Any help would be gratefully received!
 
Hello-
I am fast approaching the end of my tether- I hope that someone can help me! I have a 500L with a 650cc engine. Several years ago, it would run fine until it got hot when it would misfire for 20 seconds or so before stopping. Once it had cooled, it would restart. I tried changing coil, condenser, distributor cap, points, rotor arm and HT leads. This
seemed to fix things, but not for long. When I last tried to use it I replaced the condenser again, which seemed to cure it. However, I now have a very weak spark and can't start it at all. You may have by now realised that I am utterly clueless about car electrics! I have read somewhere that a Bosch "blue super coil" might help, perhaps together with a ballast resistor? If so, could someone explain to me (in layman's terms) how a ballast resistor is connected? My coil is giving me a reading of 9.43Ω across the secondary windings using the 20KΩ scale, and 6.3Ω across the primary with the 200Ω scale.
Any help would be gratefully received!

What sort of ignition coil is fitted at present? The 6.3 sounds wrong.
 
9.3kΩ across the secondary winding sounds perfectly reasonable to me? Likewise the 6.3Ω across the primary isn't too far of the mark either.

Some coils have a lower resistance across the primary winnings (approx 1Ω) and they requite a ballast resistor to be fitted between the coil and the 12v source in order that the coil does not burn itself out. Running the low resistance coils without a ballast resistor will damage them, and running a normal coil with one would produce a low power spark, they are not in themselves a performance improving device.

That does not read to me like it's necessarily coil issue that you're having. Weak spark, as opposed to no spark, would have me looking at the condenser and points first. I would first check the points gap and clean the points. I would also check you've got a good ground between the engine and the chassis. I would also check there is a good 12v coming to the coil and that there is good continuity in the wire that runs from the points to the coil. Thats the free and easy stuff.
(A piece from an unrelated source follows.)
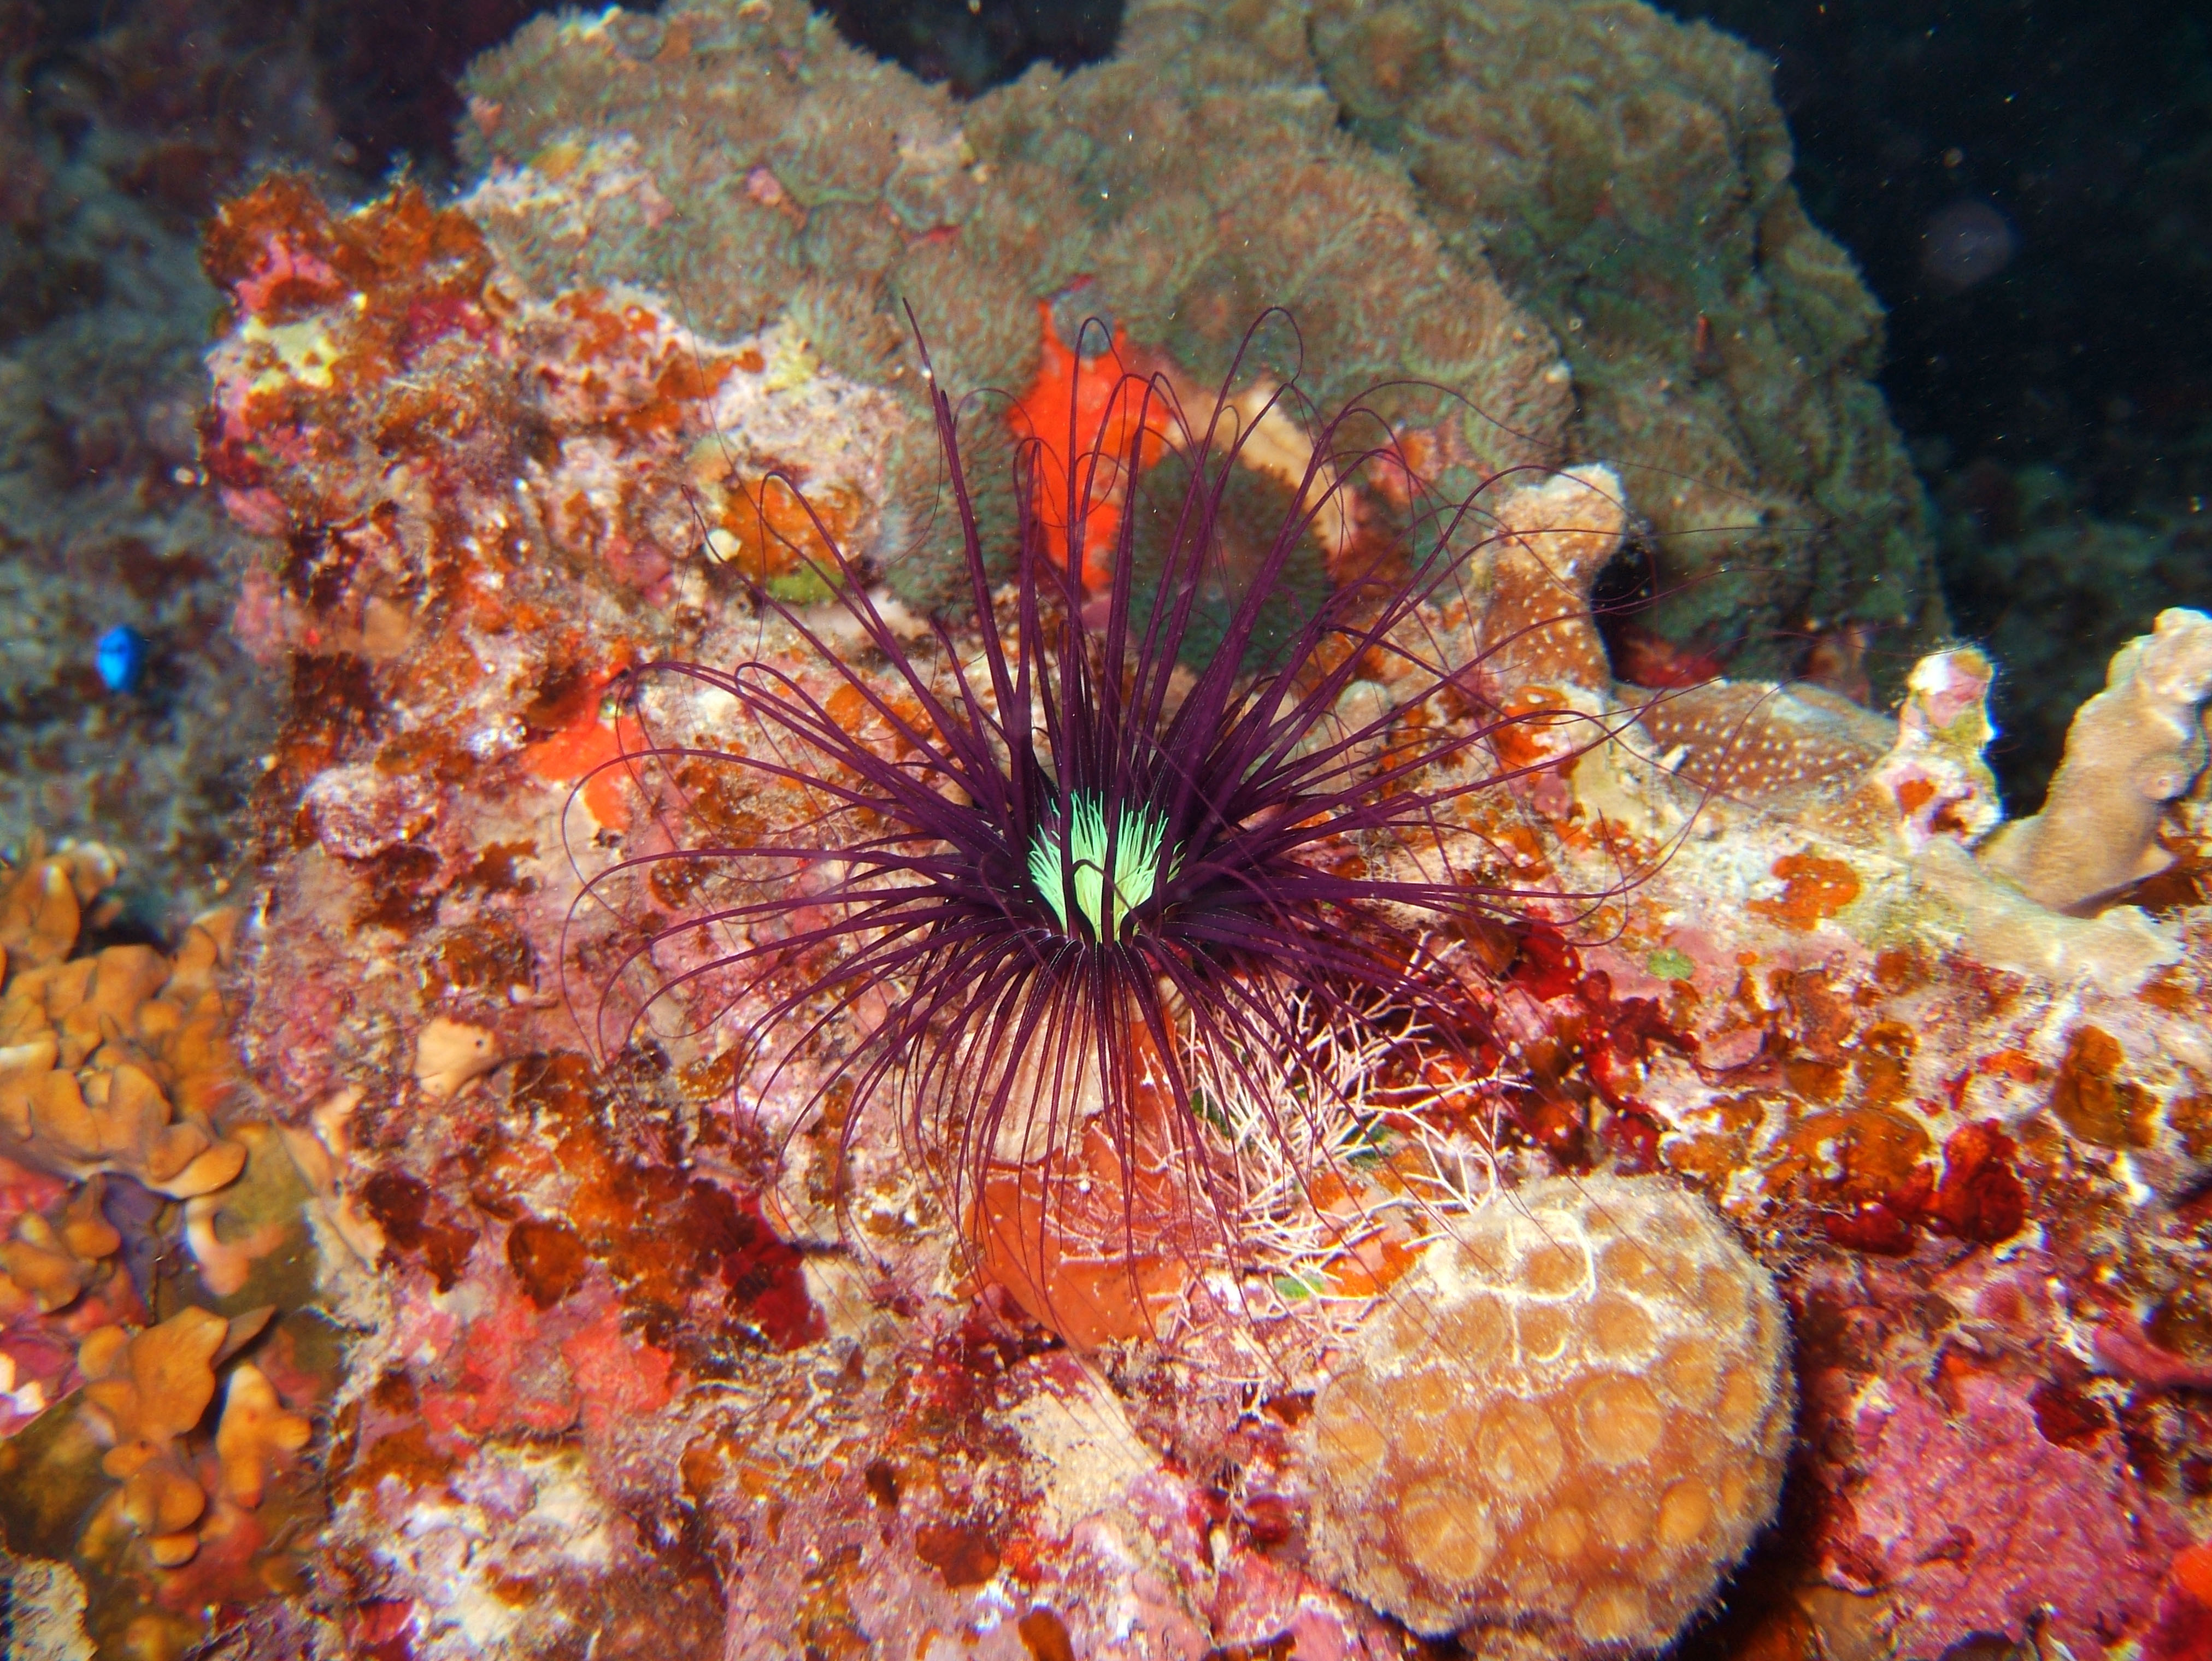 Coron dive site 11 Cay Angan Lake Baracuda Lake Reef July 2005 23

After that I would suggest trying a new condenser, they are known to fail on 500s and are pretty cheap and easy to swap out. They are also of variable quality, I myself have experience condensers failed from new out of the box...
 
Hello- thanks for your responses. Attached are a couple of snaps showing the coil. I will certainly try another condenser, but the one that is on it at the moment is brand new. In the past, fitting a new condenser has only ever seemed to be a short term fix. Without wishing to seem too thick, how do I check for 12V coming to the coil? Thank you!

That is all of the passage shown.